Of course, I knew already what he was going to say. But I tried not to think about that as I pressed my lips to Scully's forehead, brushed her hair out of her eyes, held her soft hand. I had to touch her--reassure myself that she was still there--warm and alive for the moment at least.

Her concern, of course, was for me. "You need to get a fresh shirt, Mulder. I'll be O.K. for a little while."

"Later. When your mom gets here. How do you feel?"

"I won't lie and say I'm fine, Mulder." She sighed. "I've been feeling bad for a couple of days. My head's hurting and my chest feels strange when I breathe."

She looked up at me and bit her lip uncertainly. "If my mom doesn't get here soon, Mulder, I need you to do something for me."

"Anything, Scully. You know that. What do you need?"

"I want you to call a priest for me," she said steadily. "I'm sorry, Mulder. The cancer's back, I know it is. And it's worse than before. I want to receive the sacraments before . . ."

"O.K.," I assented, my face crumpling.

It was a far different response from my "I refuse to accept that" the first time she told me she had cancer, and Scully couldn't have failed to notice my uncharacteristic acceptance of her words. "You know something, don't you?" she asked gently.

I nodded reluctantly. The doctor was coming soon anyway. There was no need to sully our trust with subterfuge. "The smoking man--Spender--I saw him in the bathroom earlier."

Her eyes flew open in alarm. "Mulder--you didn't promise him anything, did you? Didn't try to make a deal with him?"

"No deals."

"Good," she said approvingly.

Her approbation stung me. "I'd have made any deal, *any* deal, if there was one to be made, Scully. It's the chip. The god-damned, fucking chip. It's malfunctioned, and the bastards can't fix it."

Scully drew in a ragged breath as this registered. Her chin quivered and I could see the first tears appearing in her eyes, but her voice remained steady. "How long?"

"He said--he said three days, a week at most."

Now the tears overflowed and ran down her cheeks, even as she struggled to control them. "I see."

"I'm sorry, Scully," I began through my own tears.

She held up one hand to silence me, and wiped her eyes with the other one angrily. "Mulder, I blame you for *nothing.* I've made my own choices and I wouldn't change them. Spender and his cronies are the only ones who deserve blame. The *only* ones--and don't you ever forget that."

I nodded miserably, unconvinced.

"Look, Mulder. Before the doctor comes in, before my mom gets here, I want to talk to you. I want you to promise me something."

"Anything, Scully."

"Promise me you won't . . . hurt . . . yourself when I'm gone."

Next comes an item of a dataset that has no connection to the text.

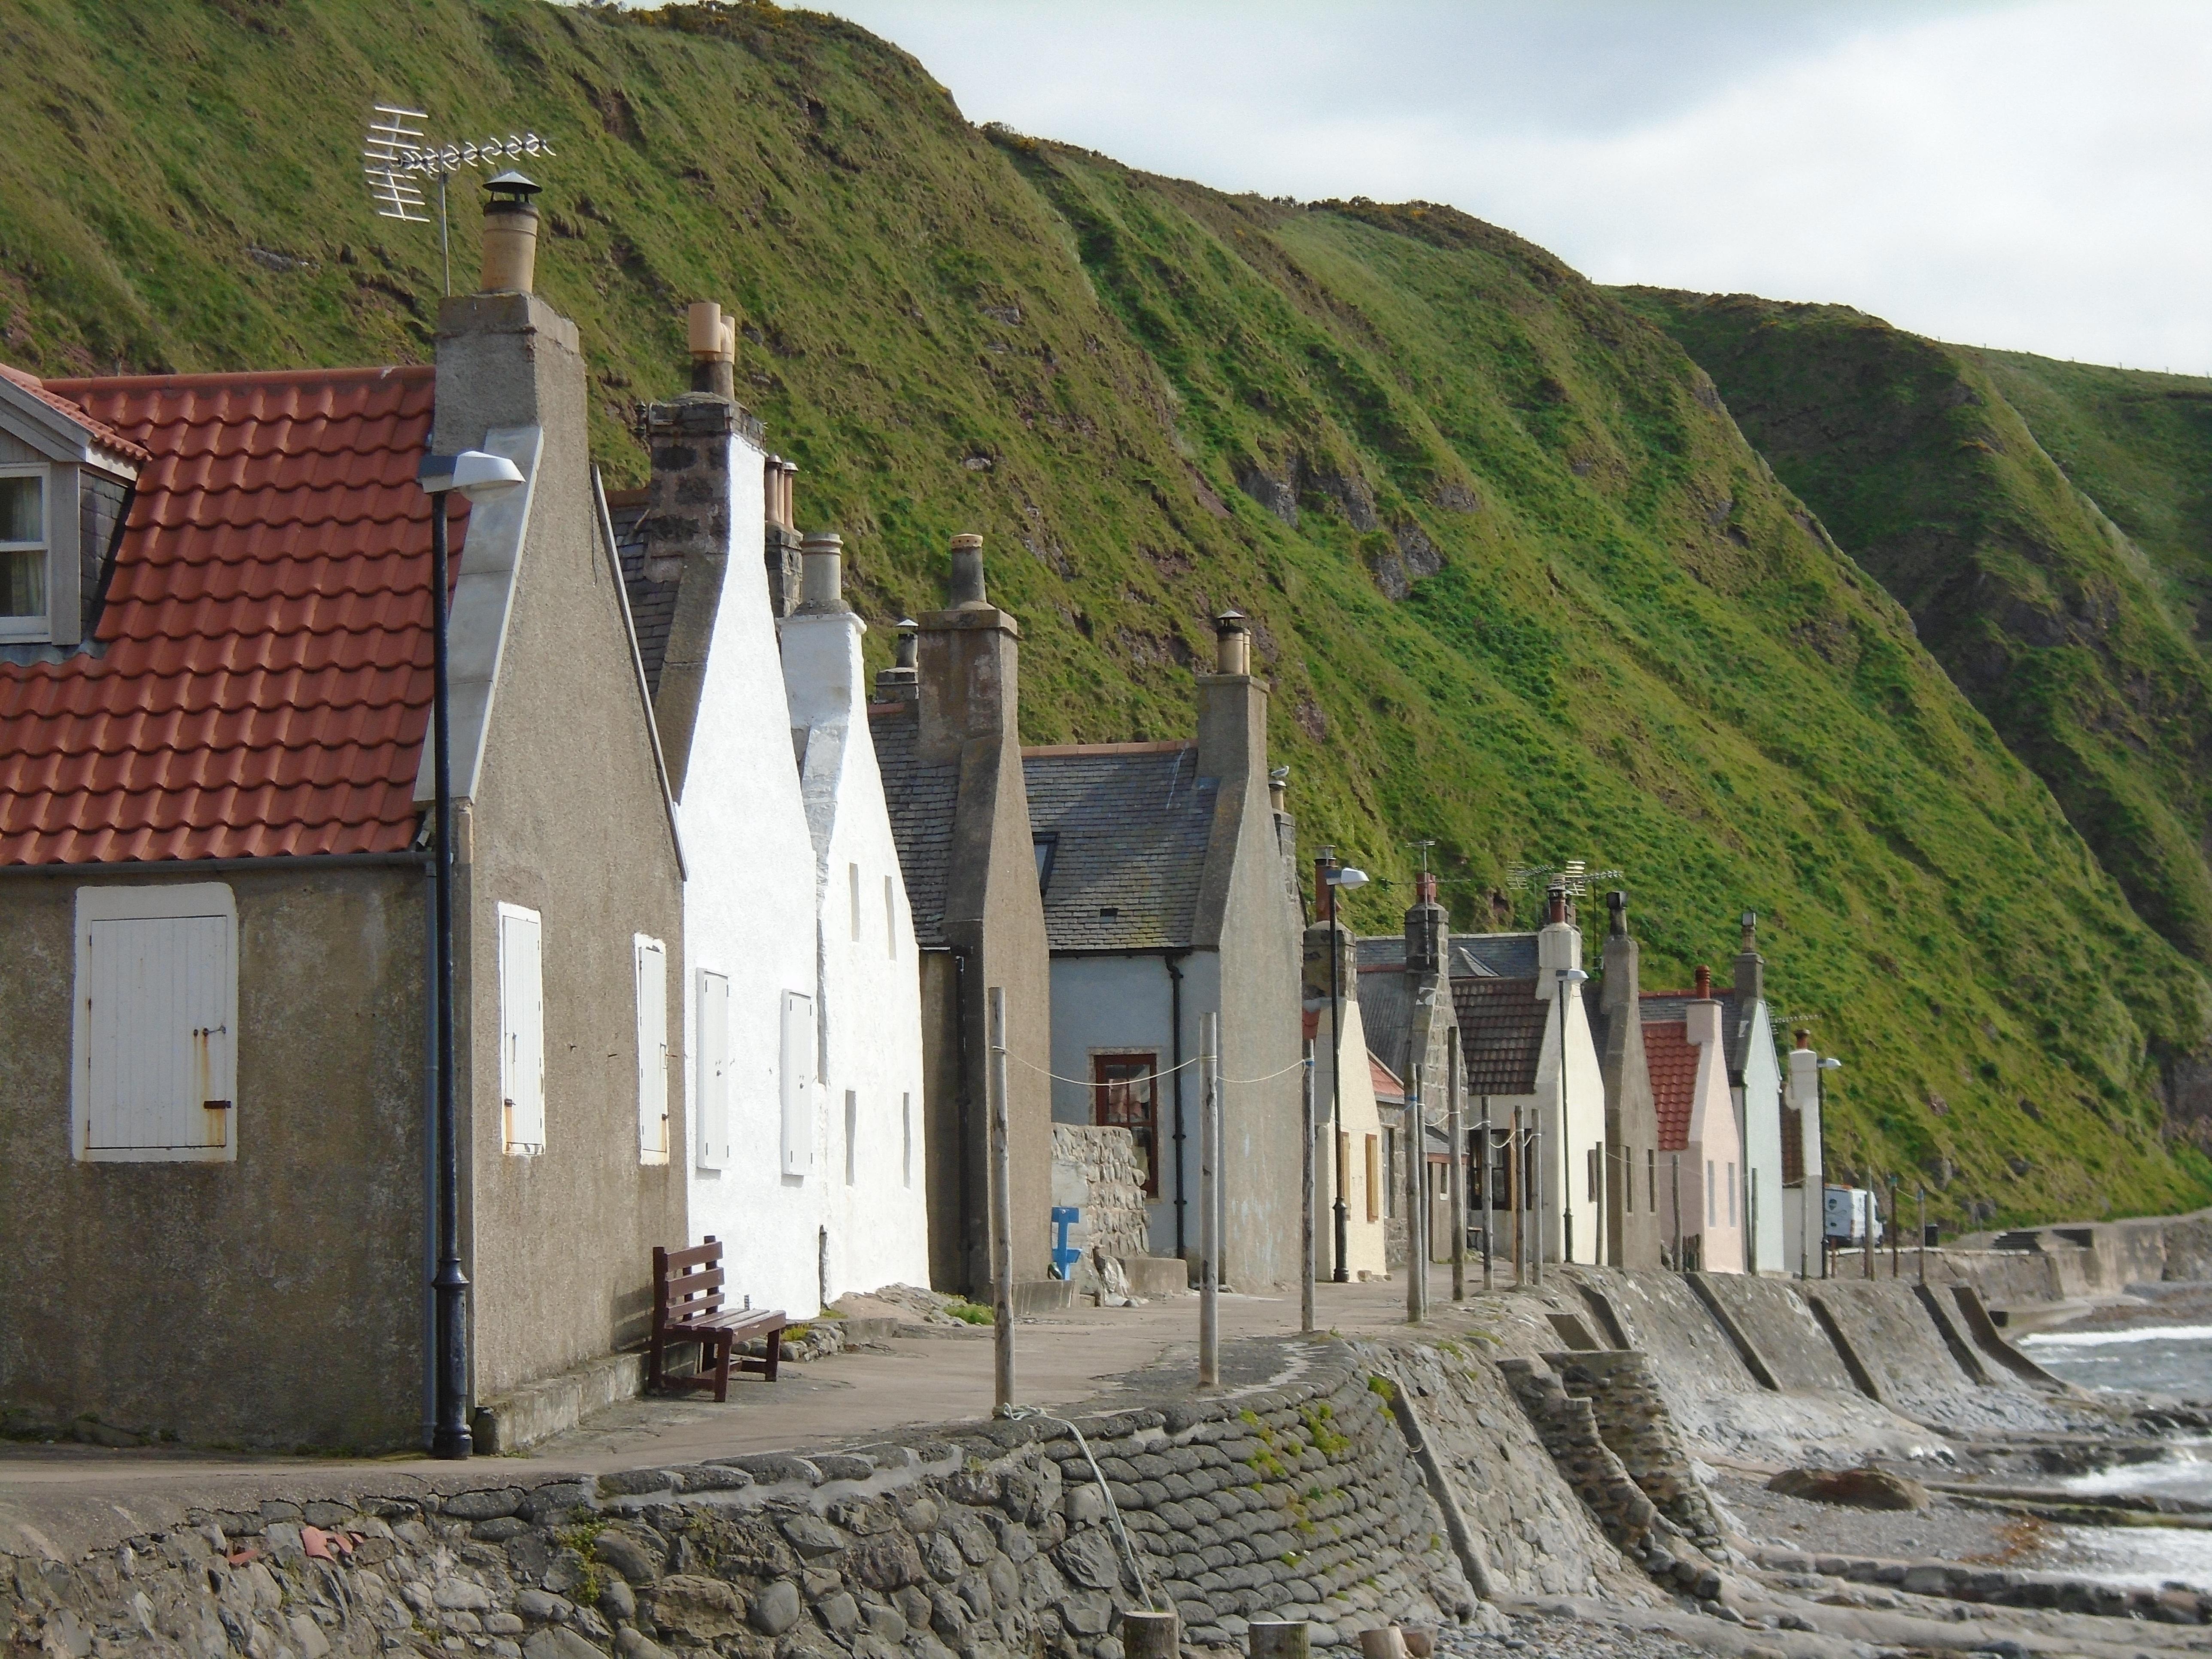 Free Images : landscape, coast, town, old, mountain range, village
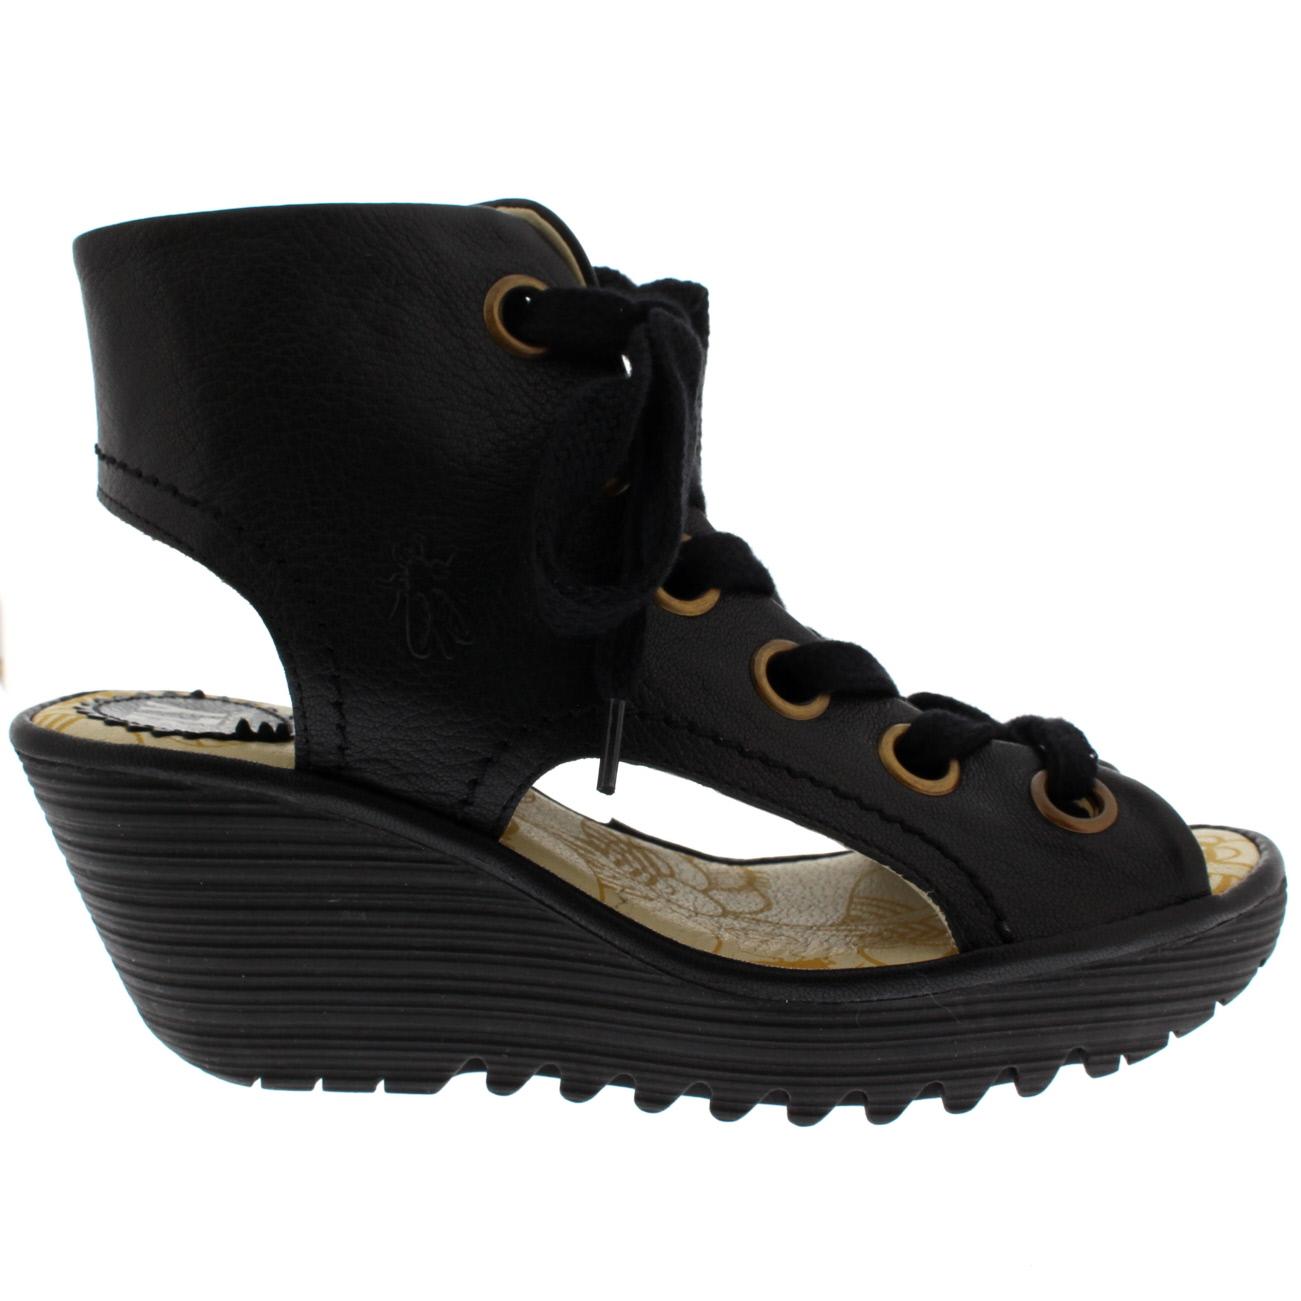 Ladies Fly Peep London Yaba Mousse Leather Peep Fly Toe Holiday zapato Wedge Heel All Talla 468990

"Oh, God, Scully. Don't ask me that! I *can't* promise that."

"You've got things to do, Mulder. If you quit now, they win, remember?"

"I was planning to take Spender out first."

"No! No. Not revenge in my name. What good would it do anyway? It won't bring me back."

God, she was already talking about herself in the past tense.

"Samantha's still out there, Mulder. I know you'll find her one day. Wouldn't it be terrible for her, if she came home one day, and *all* her family was gone?"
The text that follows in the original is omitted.